Your home to over 150,000 silly Facebook statuses! Find the perfect witty, silly, or downright funny status to share with your friends and family. Check in daily for fresh updates!
As you Mature... you learn that you cannot make someone love you.. All you can do is stalk them and hope they panic and give in..
Welcome to my Facebook wall. Straight jackets are on your left, meds are on the table, and if you hurry, you can still get a seat in group therapy . . . have fun!
Waitress: "Hi, my nam-" Me: "Vodka martini, please."
It is totAlly unnecessary to put a PM after 23:00.
I often worry that mankind is going to start World War III soley because we enjoy trilogies.
Remember when there was more important crap to do besides Facebook all day? Me neither.
Nothing says "I dont take you seriously" like your dog wagging his tail when you`re yelling at him.
What a snow day inside with the kids! My one son thought it would be a good idea to fill up the garage freezer with snow to save for later and my other son had an "accident" and peed all over the floor in the bathroom. Youd think they know better at 13 and 15 years old! I probably should stop letting them drink beer in the house.
Who cares how I got inside your house. What matters is that we`re together now.
I just saw a disclaimer that said βdonβt try this at homeβ, so I tried it at my neighbors house.

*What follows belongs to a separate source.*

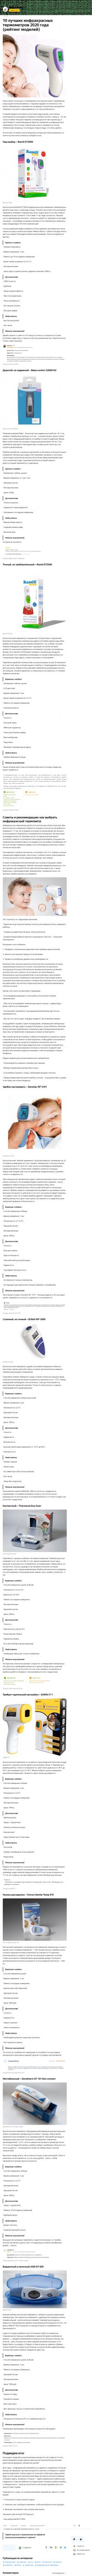 10 лучших инфракрасных термометров - ЯндексДзен
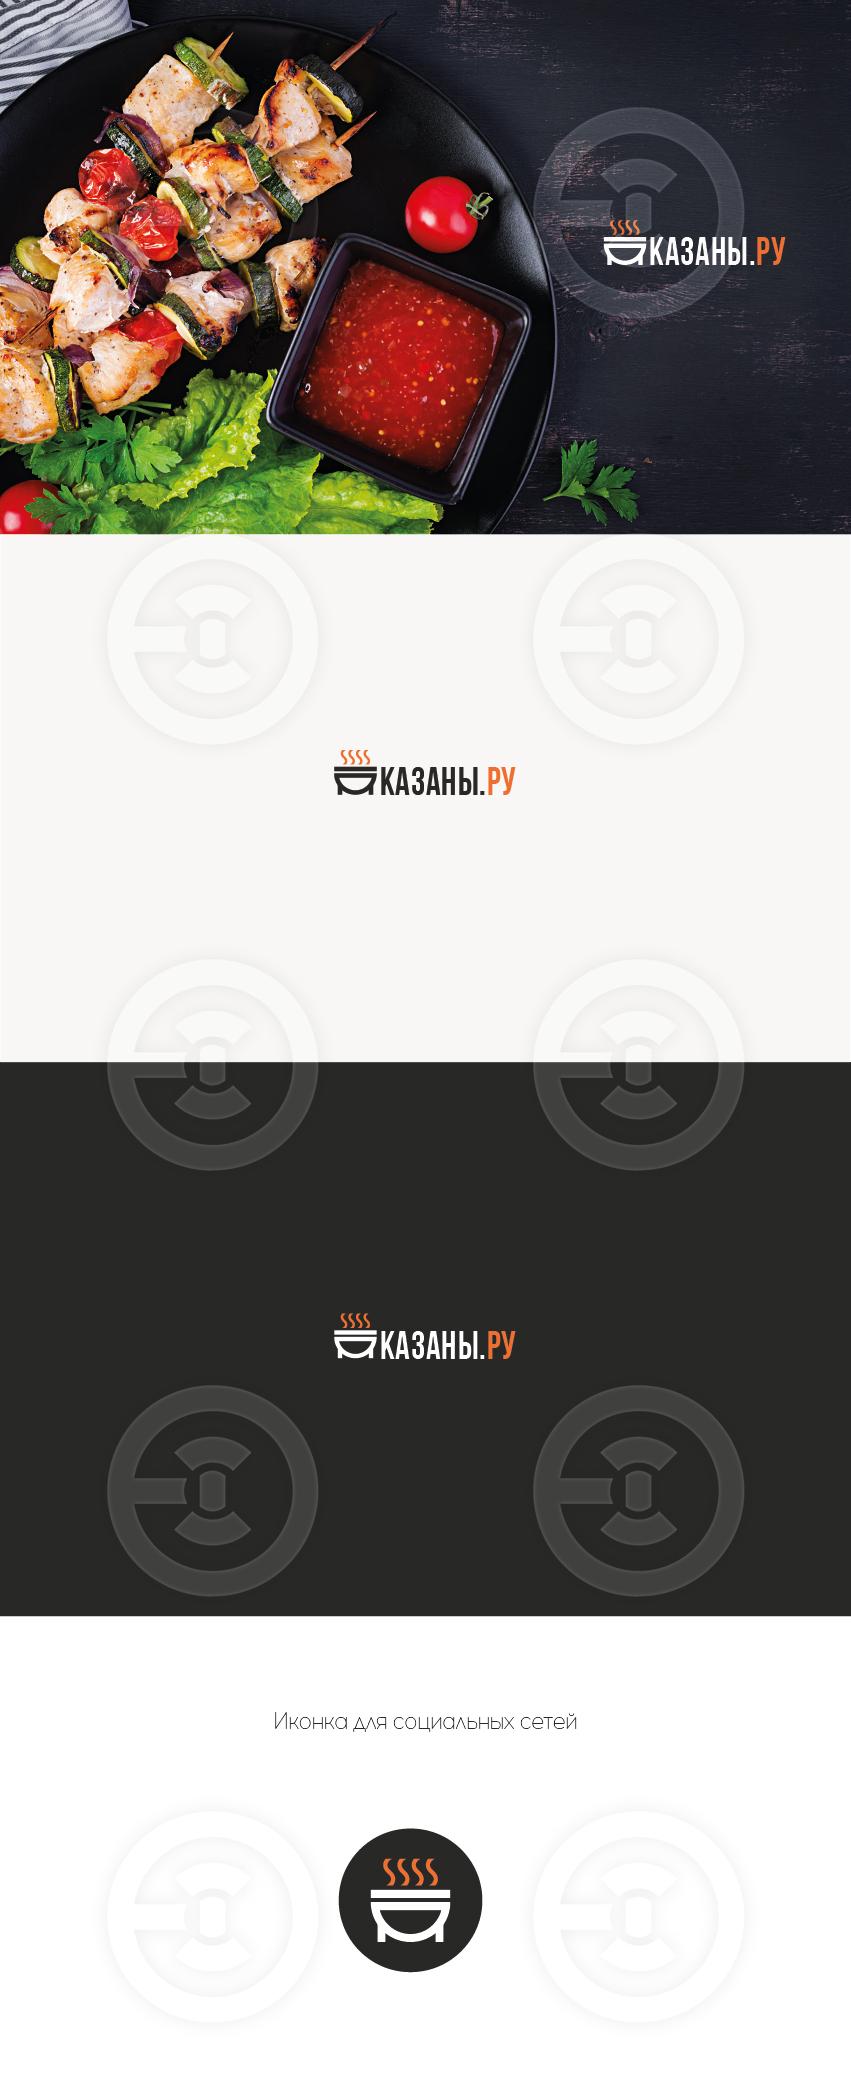 Казааны_ру222-02.jpg

I put the hot in psychotic.
Hell, I finally figured out what was wrong with me ... I have been reading the wrong horoscope!!
I was going to change my profile pic to a pumpkin for Halloween, but it didn`t look that much different from my actual head.
I do yoga to relieve stress. Just kidding. I drink wine in yoga pants.
I remember being able to get up without making sound effects. Good times.